台英間で生物材料寄託に関する協力覚書に署名、2017年12月1日から実施
J171204Y1.J171204Z1 | 2017年12月号(J220) 前のぺージに戻る    
    台湾の特許出願人の多元化された国際特許戦略と期待に応え、さらには台湾と海外との間の寄託に関する協力のネットワークを拡大するために、経済部知的財産局(TIPO)と英国知的財産庁(UKIPO)は2017年12月1日、双方のトップが「台英間における特許手続上の微生物の寄託の分野における相互協力」に関する覚書に署名し、同日正式に相互承認が実施された。この協定は、2015年に日台間で微生物寄託に関する相互承認が行われたのに次ぐ特許関連協力のブレークスルーだといえる。
    知的財産局によると、本協定において、台湾の出願人は国内の財団法人食品工業発展研究所(Food Industry Research and Development Institute)、又は英国の寄託機関に寄託し、当局又は英国知的財産庁に対して該寄託証明書類を提出するだけで、双方はいずれも寄託事実を承認し、重複寄託の必要がなくなる。さらに、国内のメーカー又は研究機関が複数の国に特許を出願する必要があるときは、わが国と相互承認している日本の寄託機関に寄託できる以外に、英国の国際寄託機関に寄託することを選択できるようになる。
    知的財産局のニュースリリースによると、英国人による台湾への特許出願はバイオ医薬関連が多く、年々増加する傾向にあるため、同局は英国知的財産庁と該協力について交渉してきた。長年の努力の結果、双方はついにロンドンで「台英間における特許手続上の微生物の寄託の分野における相互協力」に関する覚書に署名した。これによりわが国と外国との寄託相互承認に関する効力の範囲はさらに拡大された。

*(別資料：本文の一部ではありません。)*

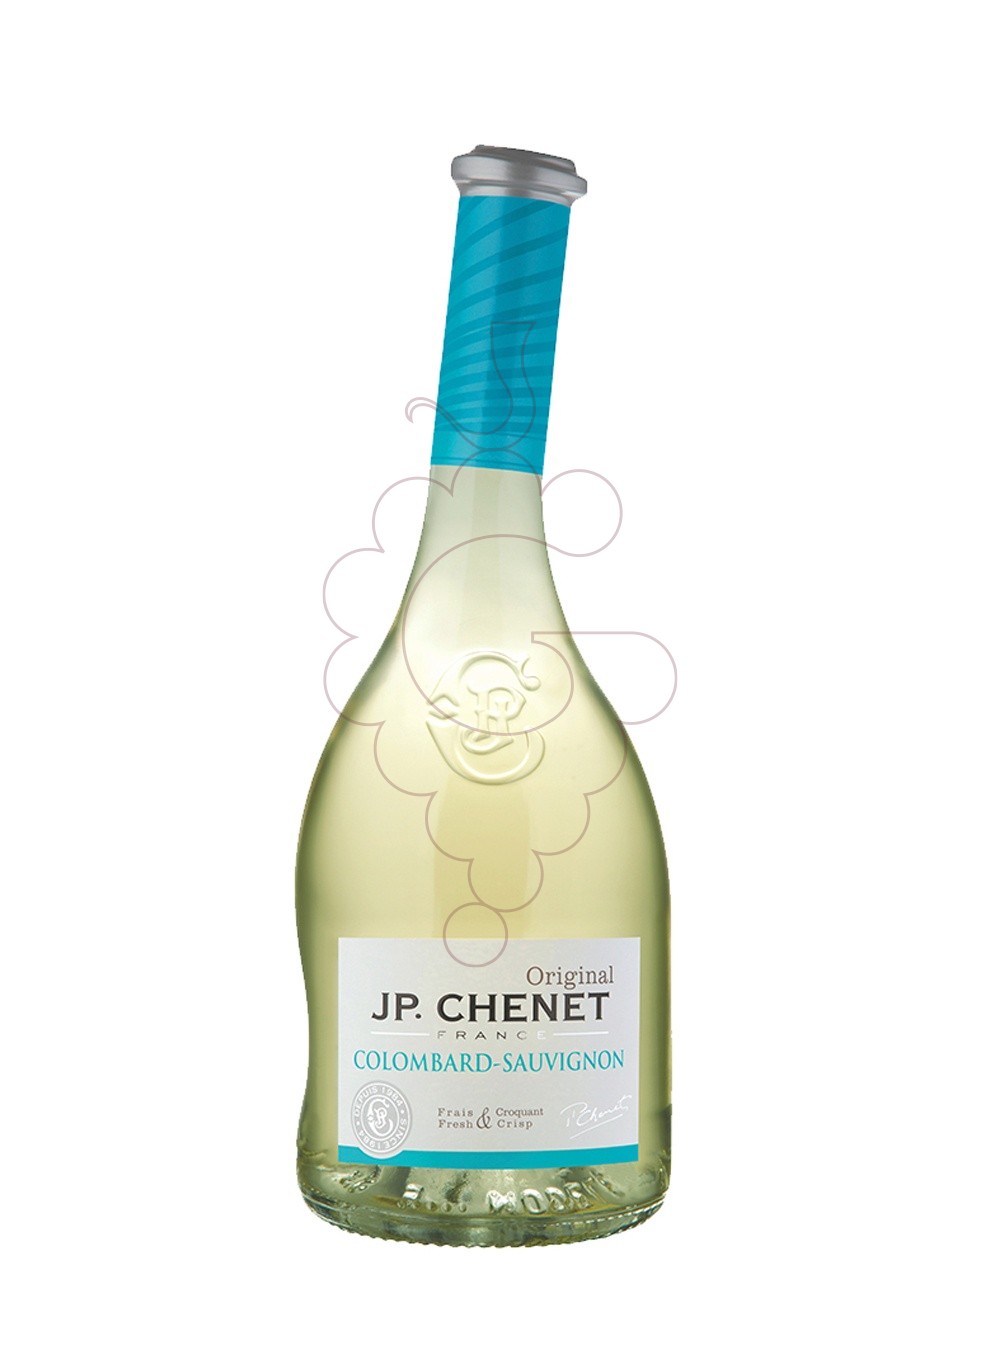 Foto JP Chenet Original Colombard-Sauvignon Blanc vino blanco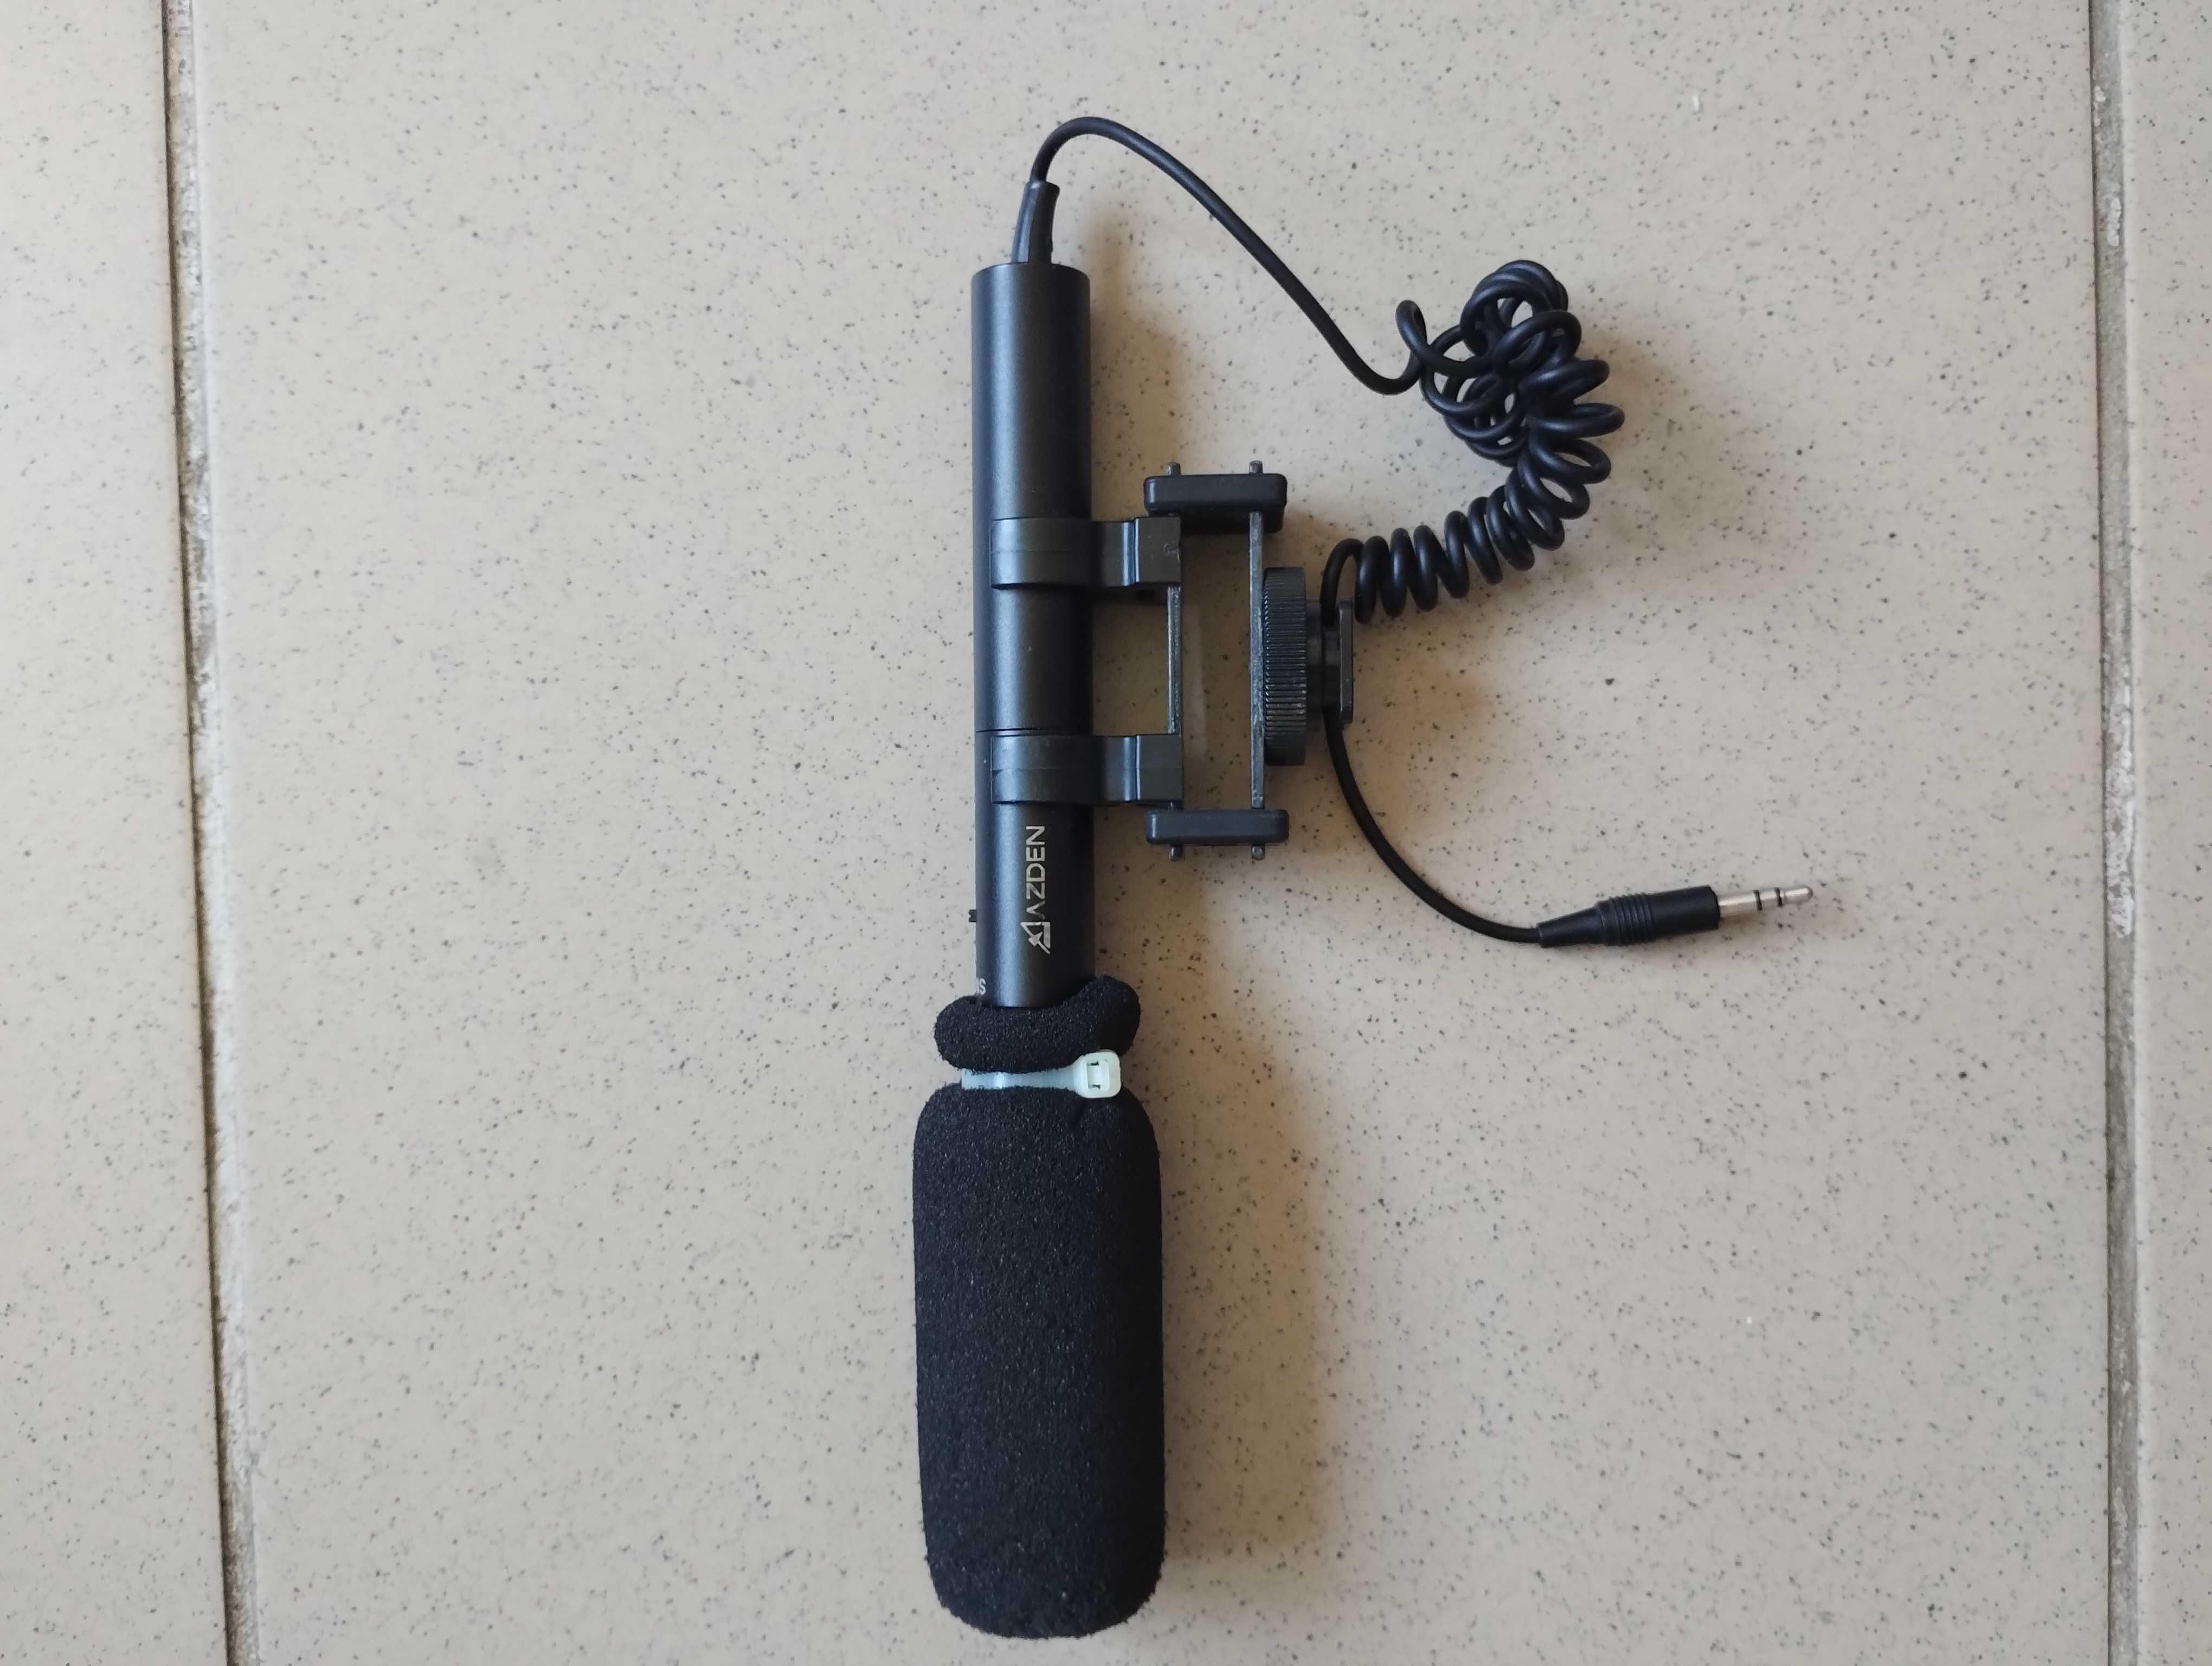 Microfon AZDEN SMX - 10, cu un mic defect

    知的財産局によると、同協定は台湾人に寄託機関に対する複数の選択肢を与えると同時に、生物材料の輸入又は輸出に伴う煩雑な手続きや輸送過程にその他微生物に汚染されるリスクを回避でき、国内のバイオ、製薬及び食品に関連する産学界の特許戦略展開にとって一助となるほか、英国又は欧州の近隣国からわが国への特許出願を促し投資意欲を高めることができる。(2017年12月)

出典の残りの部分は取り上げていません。